= Ranghad (term) =

Rajput group in Haryana & Uttar Pradesh

The term "Ranghad" is commonly associated with Ranghars, or individuals of Rajput descent originating from Haryana and Uttar Pradesh. While a significant portion of individuals bearing this surname adhere to the Muslim faith, there also exists a considerable Hindu population among the Ranghad community in Haryana. Following the Partition of India in 1947, many Muslim Ranghads migrated to Pakistan, primarily settling in the provinces of Punjab and Sindh.

== Etymology of the term "Ranghad" ==
The term Ranghad finds its roots in Sanskrit, deriving from the combination of "rann" meaning "battle," and "ghada," meaning "to make." When combined, Ranghad signifies "the one who is made for battle."

Historical records reveal variations in the application of the term across different regions and contexts. According to the Rohtak Gazetteer of 1883, Ranghad was used to describe both Hindu and Muslim Rajputs in the Rohtak district. Similarly, the Hisar Gazetteer echoes this usage in Hisar. However, in Karnal, the term Ranghad referred exclusively to Muslim Rajputs. This distinction is further supported by the "Geographical, Statistical, and Historical Description of Hindostan and Adjacent Countries" (1820), which associates Ranghad solely with Muslim Rajputs.

The etymology of Ranghad as a term denoting a warrior is corroborated by various sources. "Elliot's Races of the North-Western Provinces" (1844) and H. Blochmann's translation of "Ain-e-Akbari" both attribute its origin to "rann," meaning battle. Additionally, James Tod's "Annals and Antiquities of Rajasthan" (1829) tells that Ranghad is an epithet applied to Rajputs, implying a turbulent nature stemming from strife.

Rajasthani literature further reflects the usage of Ranghad as a synonym for Rajputs, irrespective of their religious affiliation. For instance, the verses of "Rajiya Ra Doha" by Kripa Ram Ji Khidiya (1743-1833), also known as Rajiya Barhath Kriparam Khidiya, depict Ranghad as emblematic of Rajput valor.
"Jaat subhaav na jaaye, ke Ranghad bodo hai,

Hai ran maacha aaye, reeth bajaave Raajiya."

"Ran Ranghad raaji rahe, baale mocha bat

Tarwara tegaa jhade, jad maache gah ghat.

Rann rachi jad Raanghada, kampe dhara Kamath

Rath roke pahata ravi, jad maache gah ghat."
These verses, along with numerous others from Rajasthani literature, emphasize the heroic attributes associated with the term Ranghad.
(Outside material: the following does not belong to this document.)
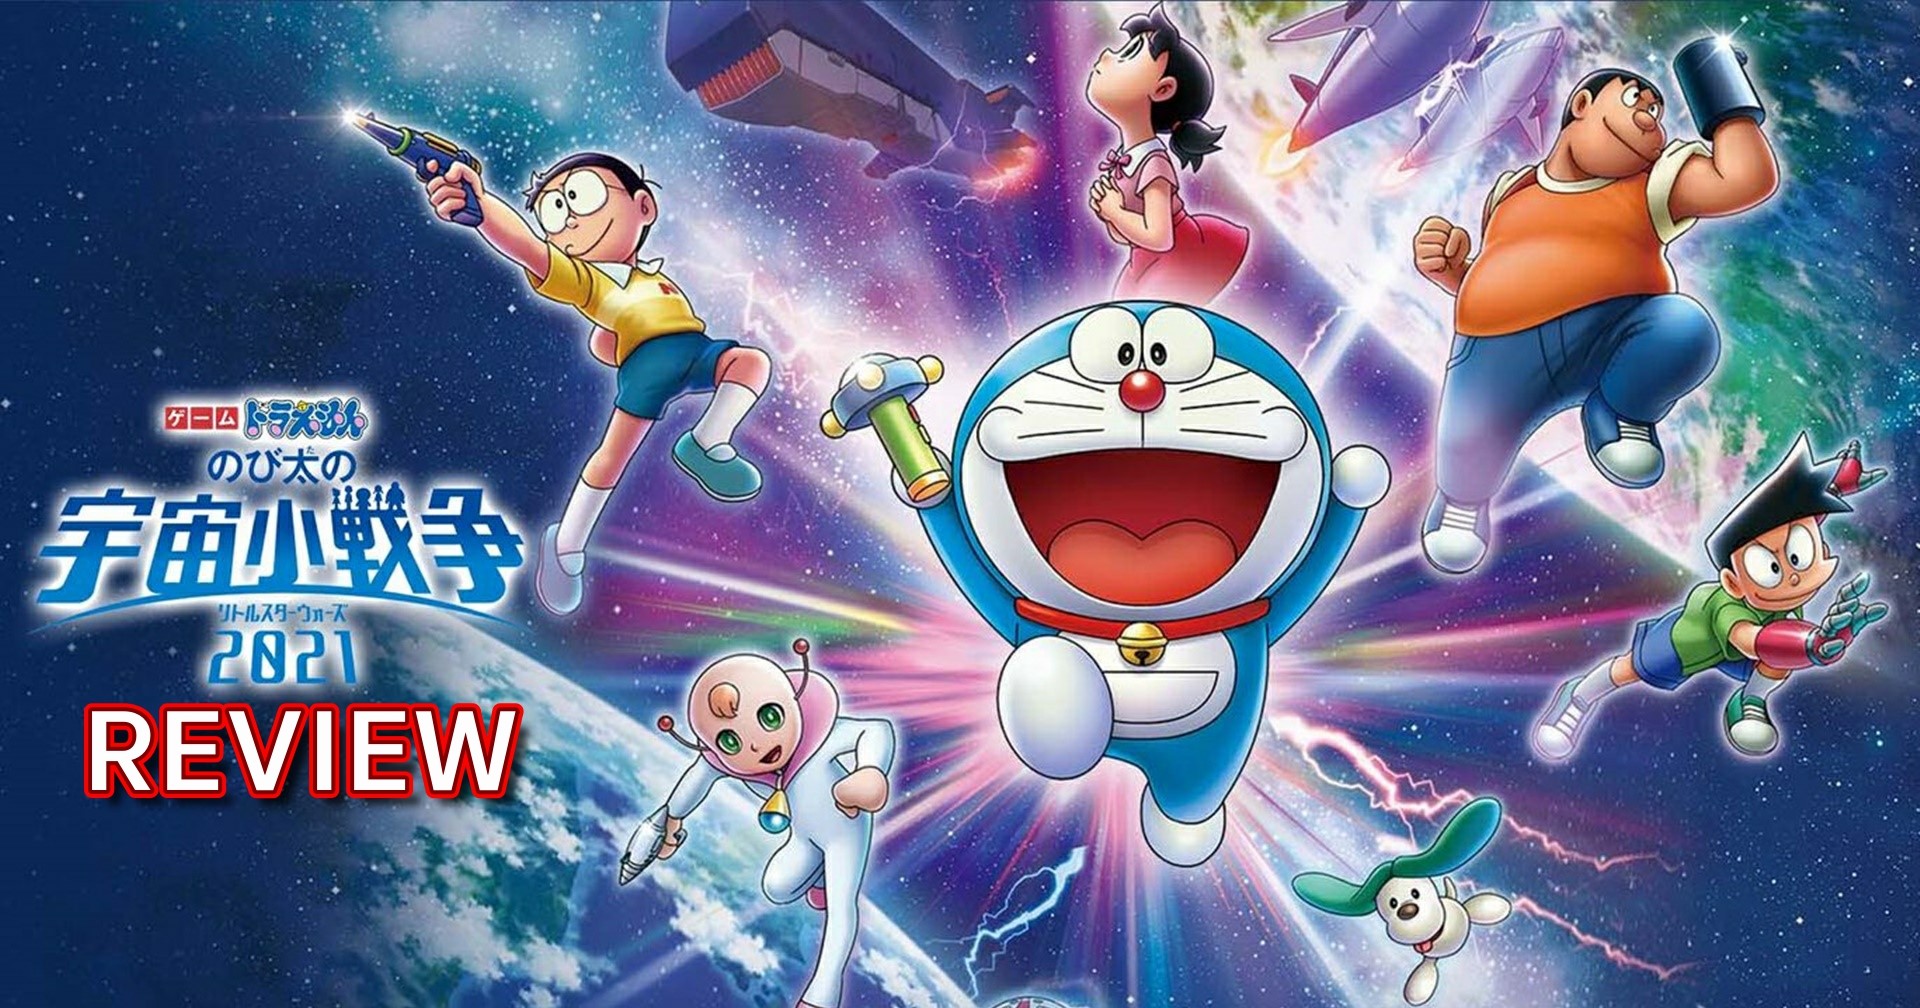 รีวิวเกม Doraemon Nobita Little Star Wars 2021 โดราเอมอนฉบับ Mario Party
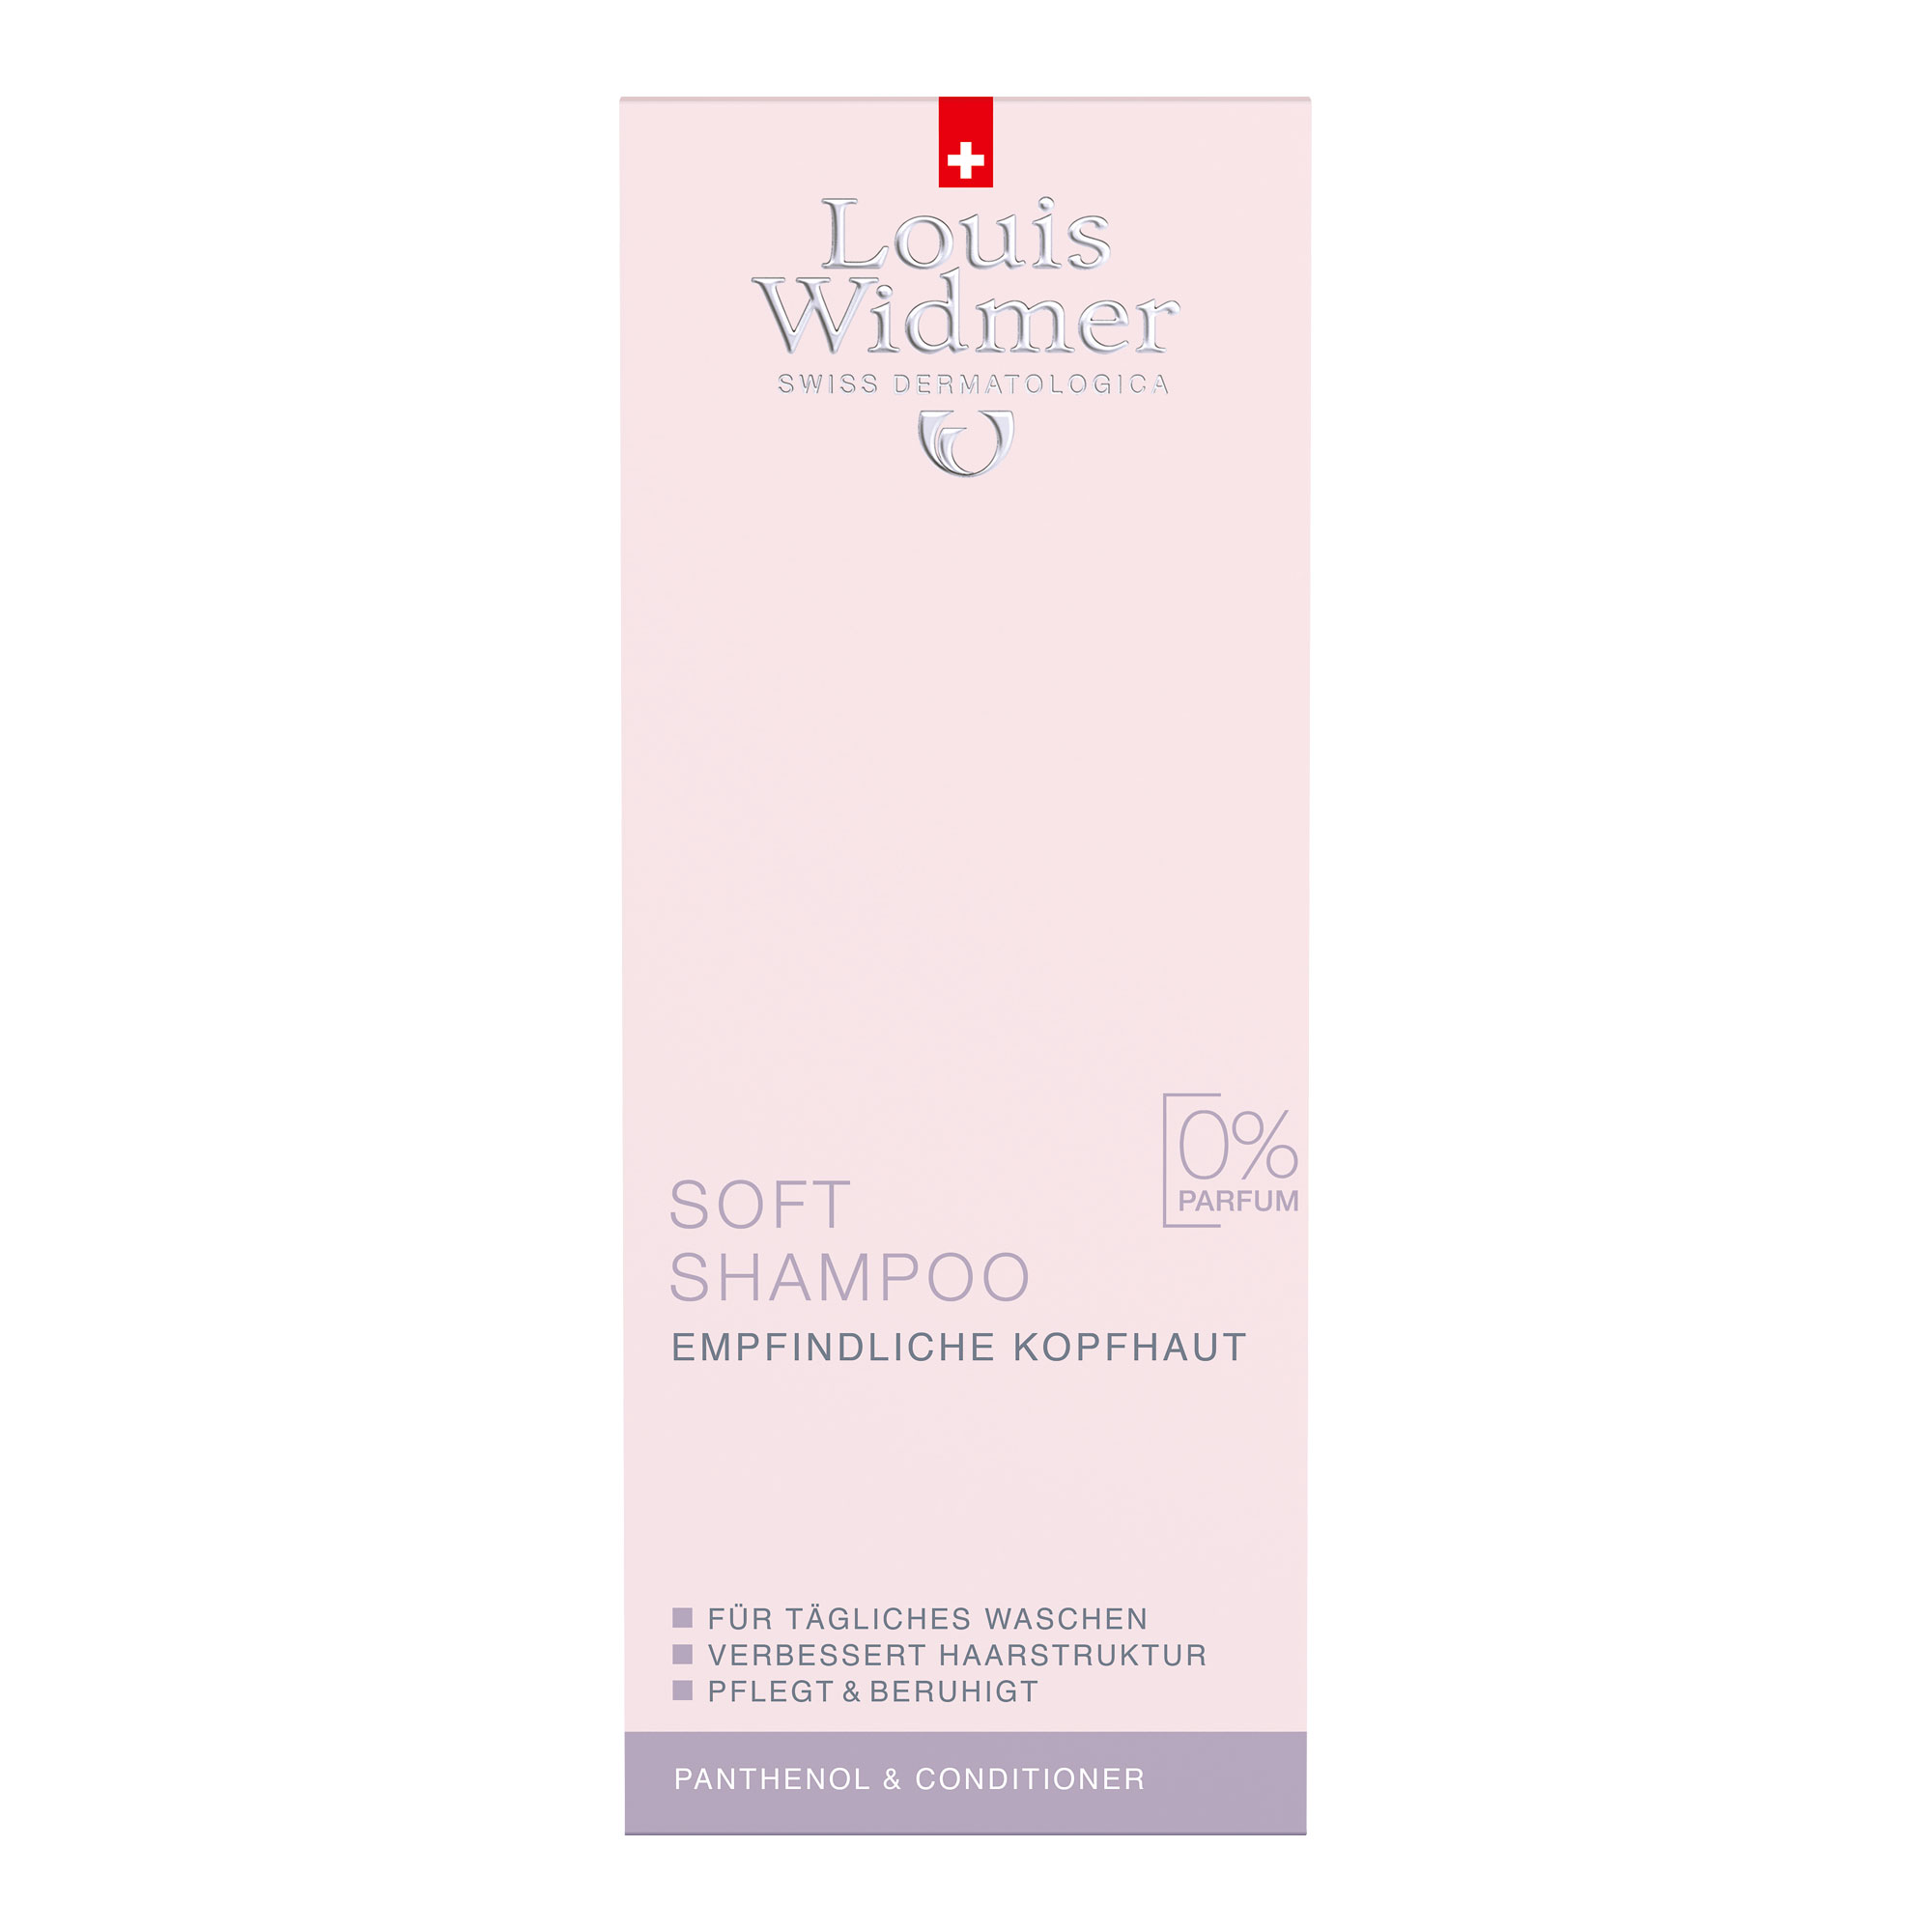 Widmer Soft Shampoo + Panthenol unparfümiert

Through various historical accounts and literary references, the term Ranghad emerges as a symbol of martial prowess and valor, encapsulating the spirit of Rajput heritage across different regions and epochs.

== Ranghadi language ==
The Ranghad Rajputs migrated from Haryana settled in Pakistan refer their language as ranghadi. Although the same language is known as Haryanvi in India.

According to the book "A memoir of central India" (1832), The Ranghadi Bhasha prevails as far West as the Indus, East as far as the frontier of Bundelkhand, South to the Satpoora hills, and North to Jeypoor, Joudpoor, and Jesselmeer. There is in different provinces a difference in the pronunciation, and in many of the words; but the language is the same, and is written in the same character. Many books and songs have been composed in this language. The reason is that because the Rajputs of this region often known as Rangra/Rangda.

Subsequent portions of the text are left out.